A careful reading of exception two also reflects this intention. We have previously alluded to the absence within that exception of any reference to “the same” jail time which if intended could have been easily expressed. Further, “credit for jail or prison time” is by definition that time served while awaiting trial for such crime, i. e. the crime resulting in the sentence against which the credit is to be applied. Our reading and analysis of the statute and the reasons and policy behind it lead us to the conclusion that Alan Quinn is not entitled to credit on the assault sentence for the 362 days of jail time served while awaiting trial and sentence on the stealing crime.

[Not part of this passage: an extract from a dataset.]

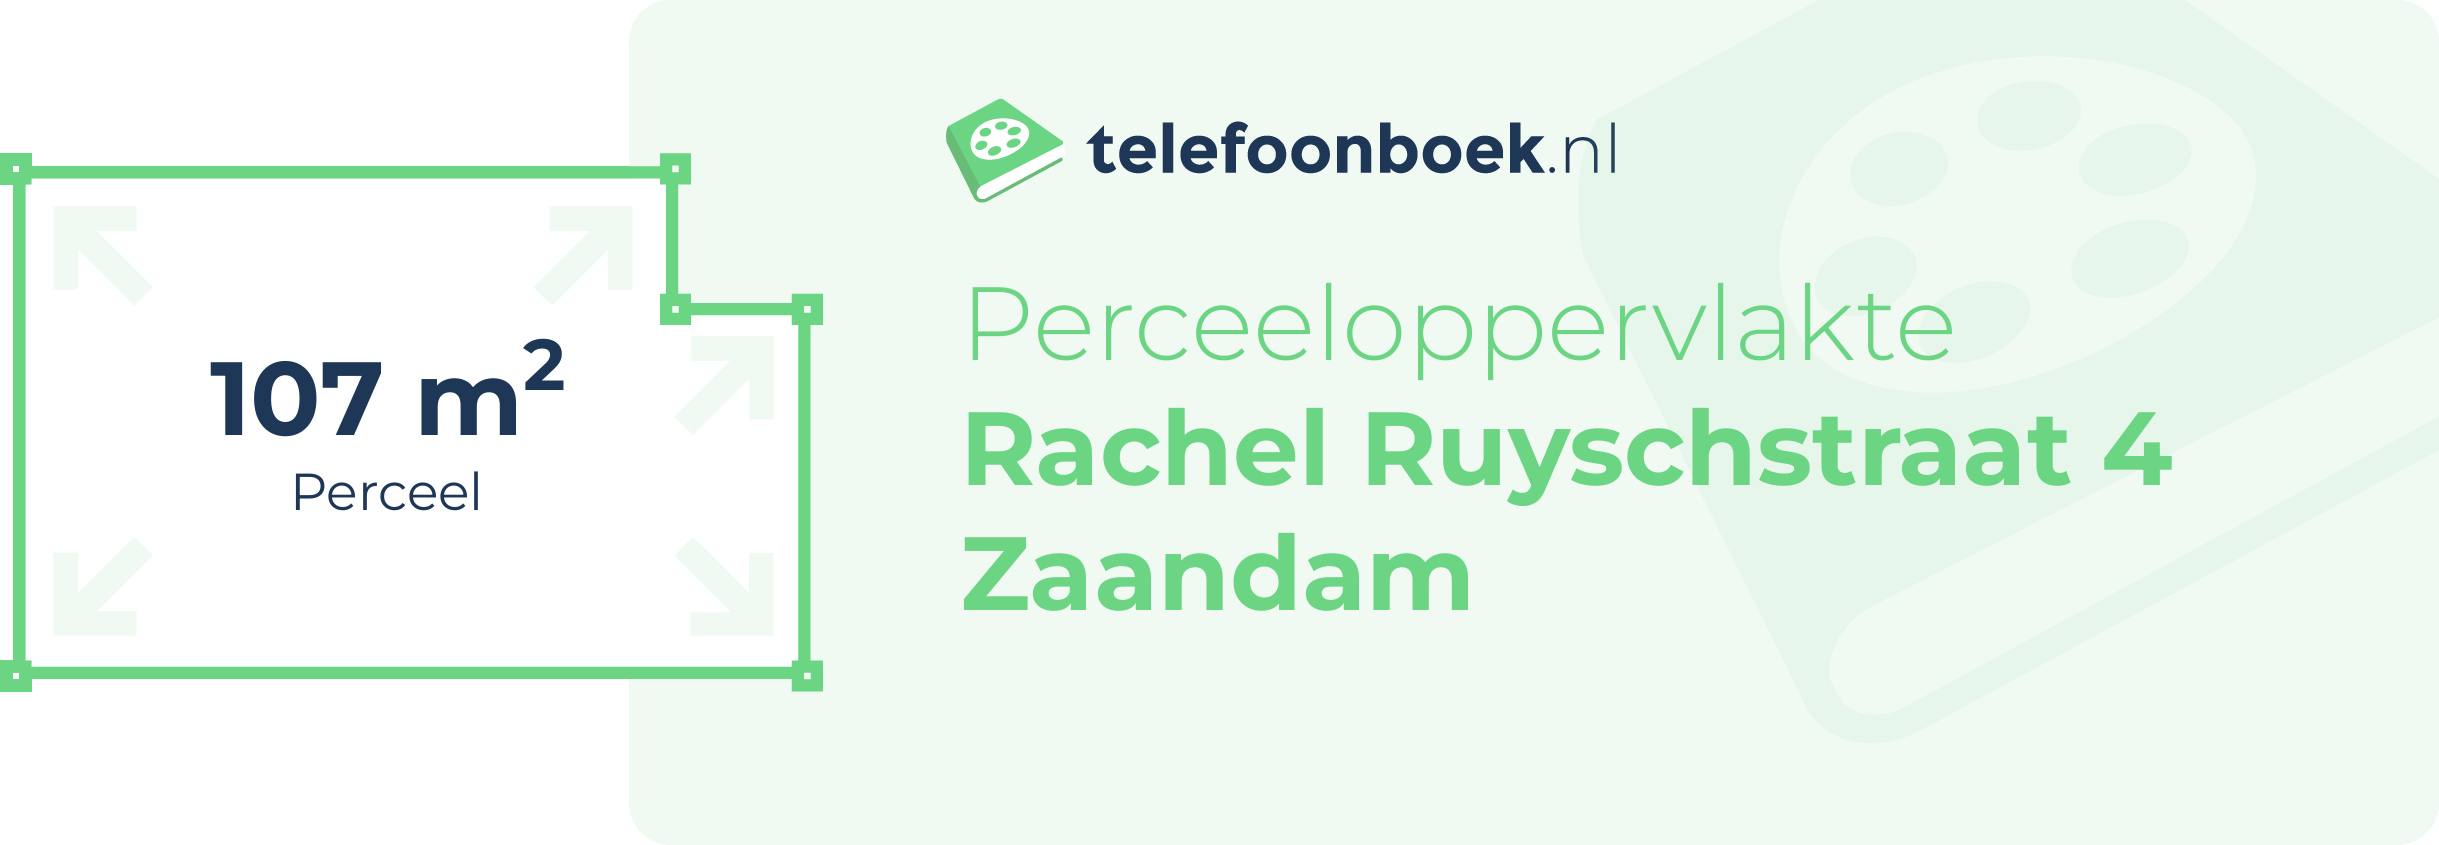 Perceeloppervlakte Rachel Ruyschstraat 4 Zaandam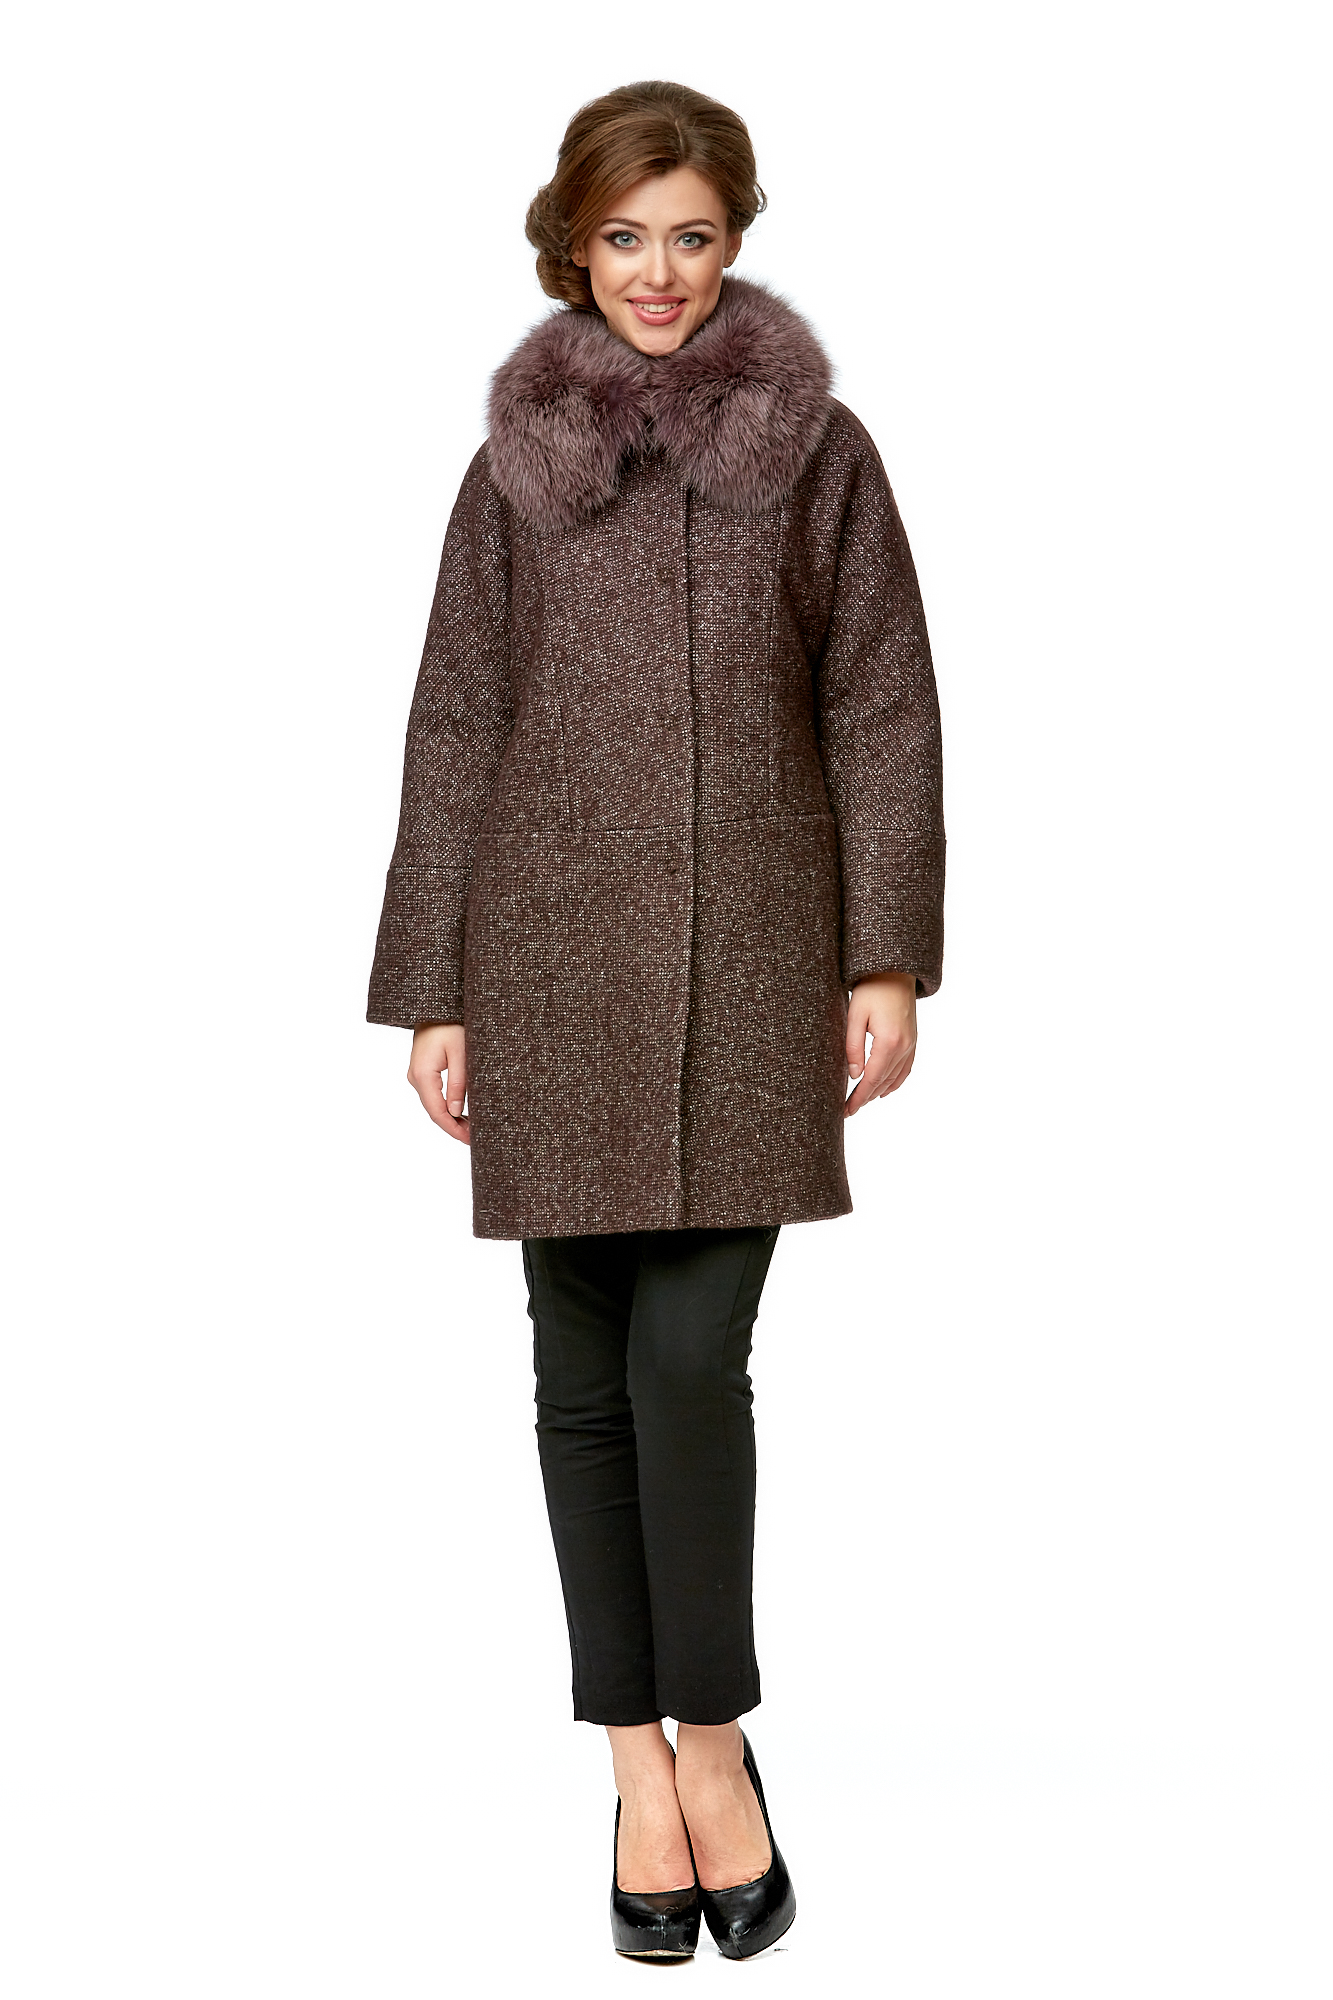 Пальто женское МОСМЕХА 8003162 коричневое 42 RU

We have no basic disagreement with defendant’s argument that the statute was intended to eliminate, or at least reduce, disparity of treatment between indigent and non-indigent defendants. See Hart v. State, 588 S.W.2d 226, 227 (Mo.App.1979) [3, 4], Nor would we disagree that the statute as we interpret it could create a disparity of result between Quinn and some hypothetical non-indigent in Quinn’s exact position. But the constitutional guarantee of equal protection of the law does not guarantee equality of result but only equality of law. Personnel Administrator of Mass. v. Feeney, 442 U.S. 256, l.c. 273, 99 S.Ct. 2282, l.c. 2293, 60 L.Ed.2d 870 (1979). No law can always achieve perfect equality between persons similarly situated and such is not required. Massachusetts Board of Retirement v. Murgia, 427 U.S. 307, l.c. 314, 96 S.Ct. 2562, l.c. 2567, 49 L.Ed.2d 520 (1976). So long as a rational basis for the legislative enactment exists the constitutional mandate is fulfilled. Marshall v. United States, 414 U.S. 417, l.c. 422, 94 S.Ct. 700, l.c. 704, 38 L.Ed.2d 618 (1974). It is rational to restrict the allowance of jail time to the sentence given for the crime for which the defendant was in jail. It is not required, and may be impossible, to construct a statute dealing with this subject matter which does not create some disparity in result under some circumstance. Furthermore, the interpretation urged by defendant would create a disparity far more odious than that hypothesized. If Quinn and another indigent had committed the assault together, and the other had no previous “banked” jail time, Quinn would serve ten months of his assault sentence and the other person would serve 22 months presuming each was arrested at the same time and received the same sentence. We do not conclude that any Constitutional mandate requires, nor the General Assembly intend*470ed, that a second offender would receive more favorable treatment than a first offender simply because he is a second offender with “banked” jail time. We conclude that the Division of Corrections properly computed Quinn’s jail time under the statute and that he is not entitled to a writ of habeas corpus.

Preliminary writ in prohibition made absolute.

SATZ, P. J., and SIMON, J., concur.

. This release date includes other allowed credits.

. We do not deal here with the effect of Sec. 558.031.1 on consecutive sentences.